When I first conceived of a computer-with-standardized-I/O-channels architecture for the Kestrel-1, I conceived of using bit-banged SPI ports. Later, when I resurrected the idea for consideration in the Kestrel-3 on icoBoard Gamma board, I tried to map my ideas and desires for talking efficiently to block I/O and to a terminal into a single SPI master/slave interconnect. I wasn't happy with the results, so I later decided that I thought a Spacewire-like interface was the way to go for Kestrel-3 I/O channels. However, I subsequently had some doubts develop over its overall system simplicity as I tried writing the Verilog to make it all happen.
I've decided I'm going to switch back to SPI, at least for now. I'll revisit Spacewire at a later time. I list the reasons why below.
When I first tried to use SPI for an I/O channel, I originally tried two approaches to framing data and enforcing flow control. These approaches were either not flexible enough or required a large amount of resources on the slave device to implement. I've since devised a third solution which, I think, neatly solves the problem. It seems quite economical to implement, and it definitely has some advantages over Spacewire (and, interestingly, Ethernet).
The first approach I took used the SPI slave-select signal as a framing delimiter. When asserted, the slave controller knew a fresh packet of data to interpret was on its way. When negated, it could return to a quiescent state. This works great for master-to-slave communications. The reverse data path is not well supported, however. It requires a dedicated (and non-standard) service-request signal, which functions not unlike an interrupt pin on more traditional backplane buses. When service-request is asserted, the host knows the slave needs to communicate with the host. This communication path must still be conducted using a master/slave protocol exchange of some kind, but at least the host can get away without having to poll the device all the time. Another problem with this solution is that it requires at least five digital I/O pins to implement, preventing it from being used on a 1x6 PMOD port.
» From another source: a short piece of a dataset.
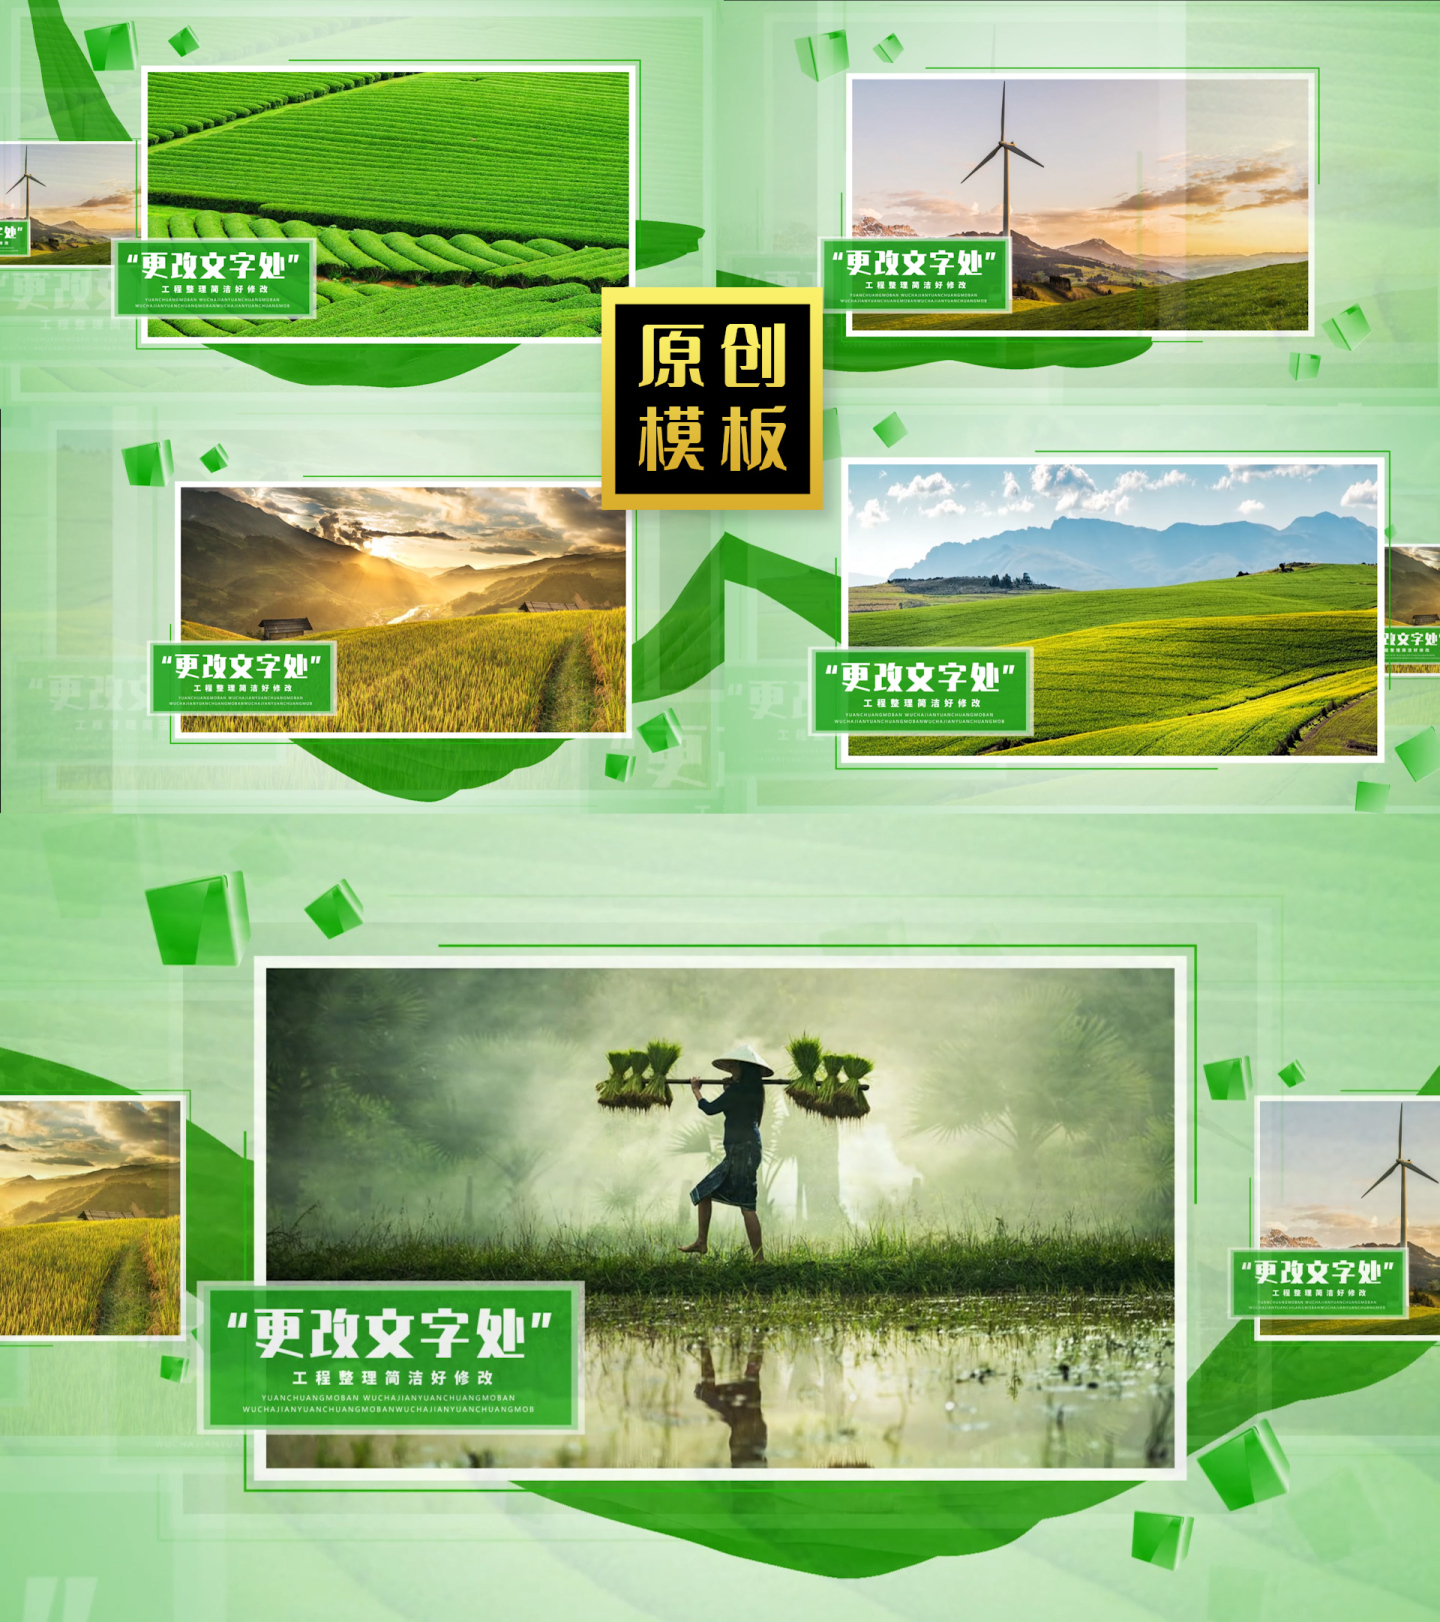 48图绿色图文介绍生态环保照片展示包装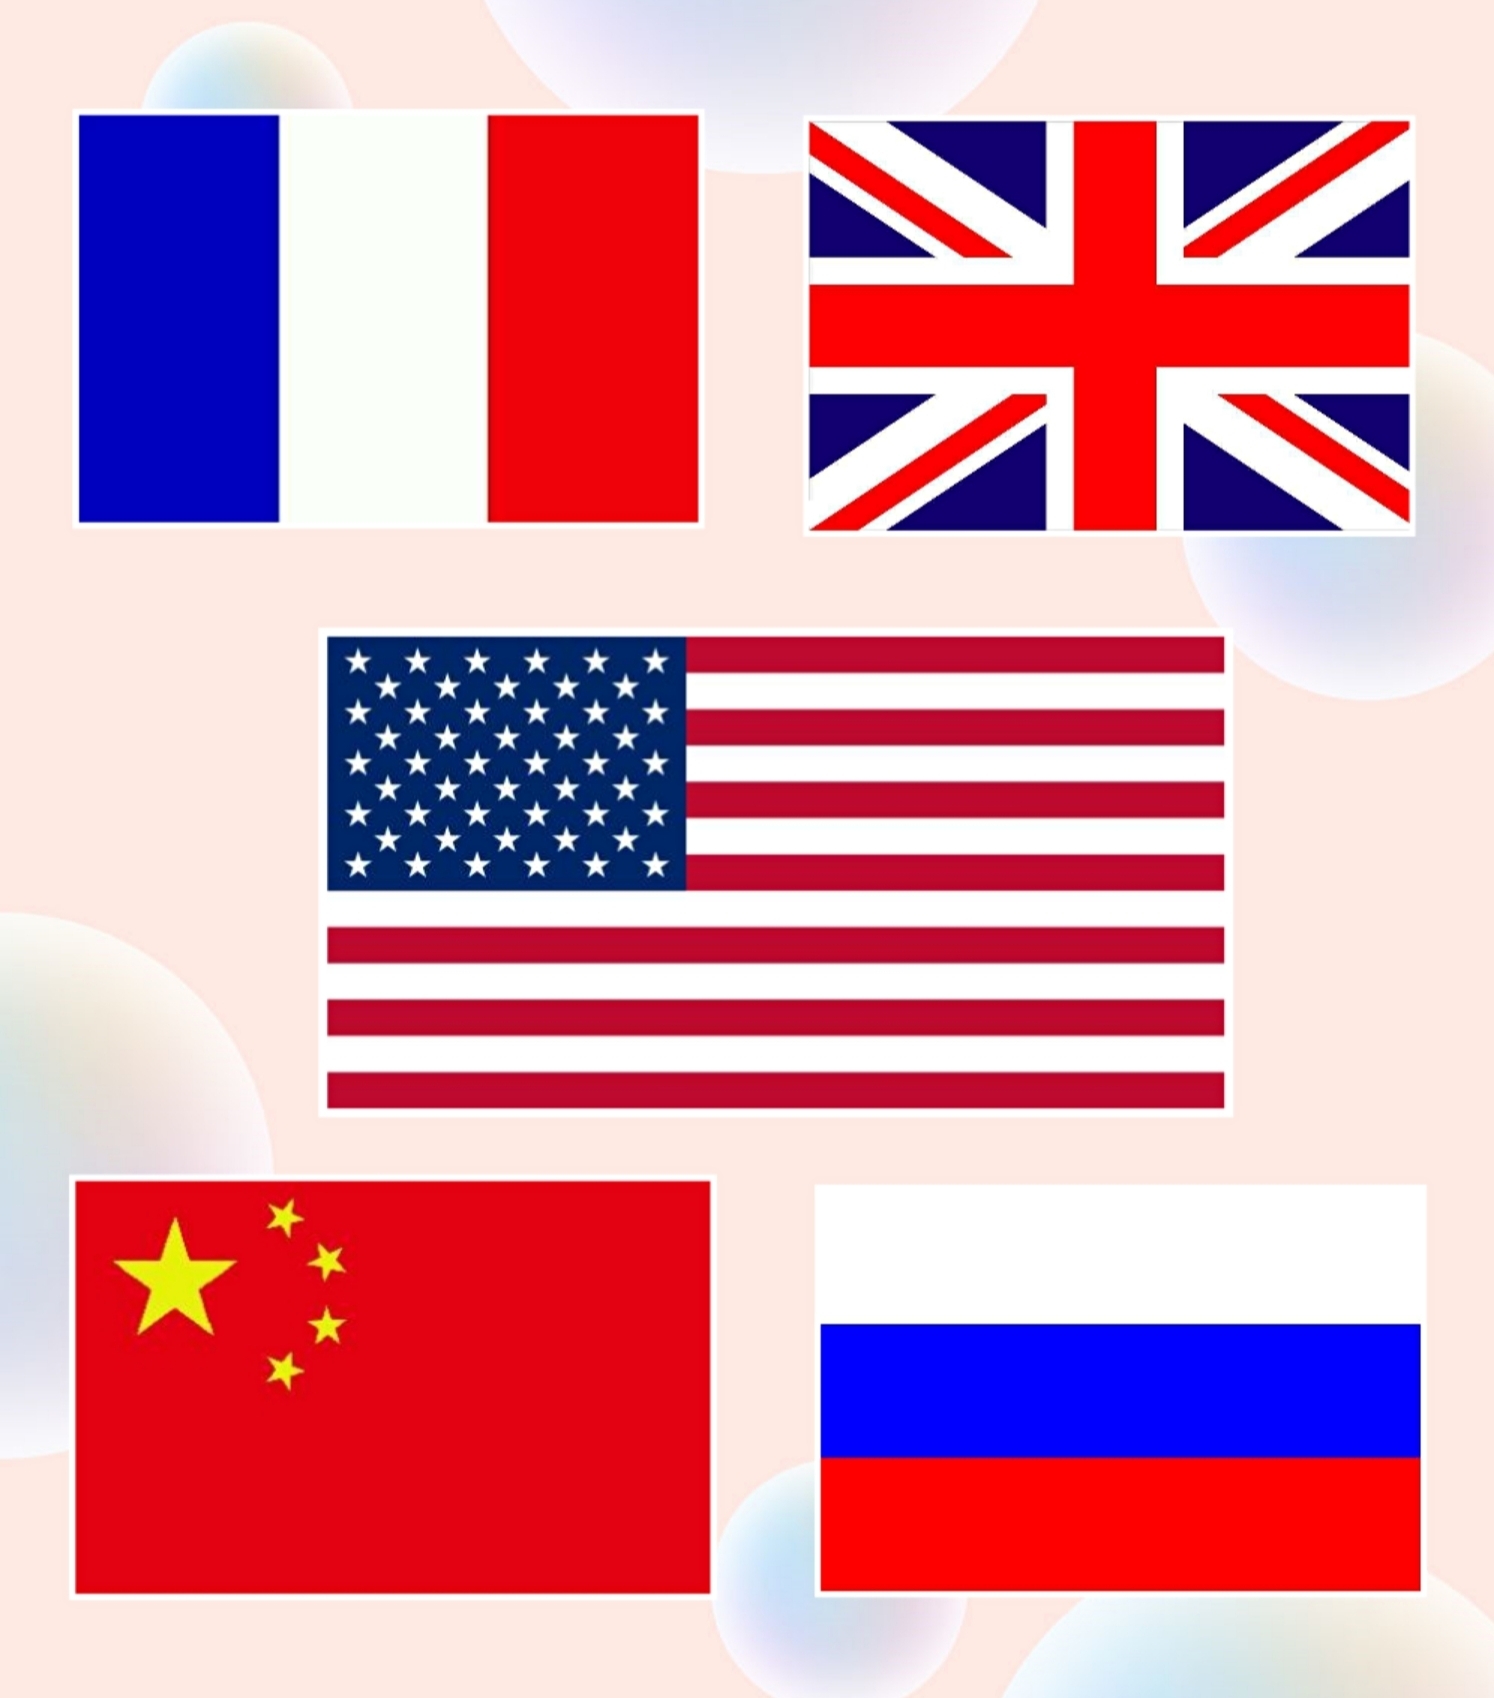 上合组织成员国国旗图片

The second approach I took discarded the slave-select signal all-together, leaving only MOSI, MISO, and CLK signals. The master/slave relationship continued to exist (only the master can drive CLK). But, I observed that the link was strictly point to point, so the slave-select signal had very limited utility. In its place, I decided to frame data using HDLC, PPP, or COBS. If the slave indicated that it wanted to operate asynchronously, the master would need to drive CLK continuously, allowing the slave to send data when it deemed appropriate. Otherwise, the CLK would be driven only until the number of responses balanced the number of outstanding requests. In either case, both directions used the same framing protocol. The problem with this approach is basic flow control. How big can the frames be? If I use an ESP8266, they can be quite sizeable. If I use a ATtiny microcontroller, not so much! How to implement flow control? I'd need to follow HDLC-like RR/RNR-style flow control, which operates on a packet-by-packet basis. That means I'd need enough buffer space to support at least 7 outstanding frames, which I'd then have to arbitrarily limit to, say, 256 bytes each. So, estimated, a microcontroller would need about 2KB minimum space to support this interconnect technology, not counting driver overhead, and of course, the intended application of the controller in the first place.
The solution, it seems, is to isolate the flow control mechanism from the delivery of individual bytes and framing. Each direction of the channel operates independently, and in one of two modes of operation. When the link is first established, each direction defaults to "flow control mode". In this mode of operation, bytes take on a special significance: bits 5:3 contains the number of 8-byte words which follows, while bits 2:0 contains the number of 8-byte words the receiver can reliably take on. (Bits 7:6 haven't been defined; assume they do nothing for now.)
7 6 5 4 3 2 1 0
0 0 DATA2 DATA1 DATA0 CREDIT2 CREDIT1 CREDIT0
Let's make this concrete. Pretend a Kestrel is trying to establish a connection with a block storage device (say, a SD card driver). The Kestrel first tries to send $00 down the link. The SD card controller sees this and knows right away that the Kestrel does NOT have any available buffers to receive data with (bits 2:0 are 0). Thus, it cannot send data back to the Kestrel even if it wanted to. It also knows that the Kestrel is not intending on sending data right now (bits 5:3 are also 0).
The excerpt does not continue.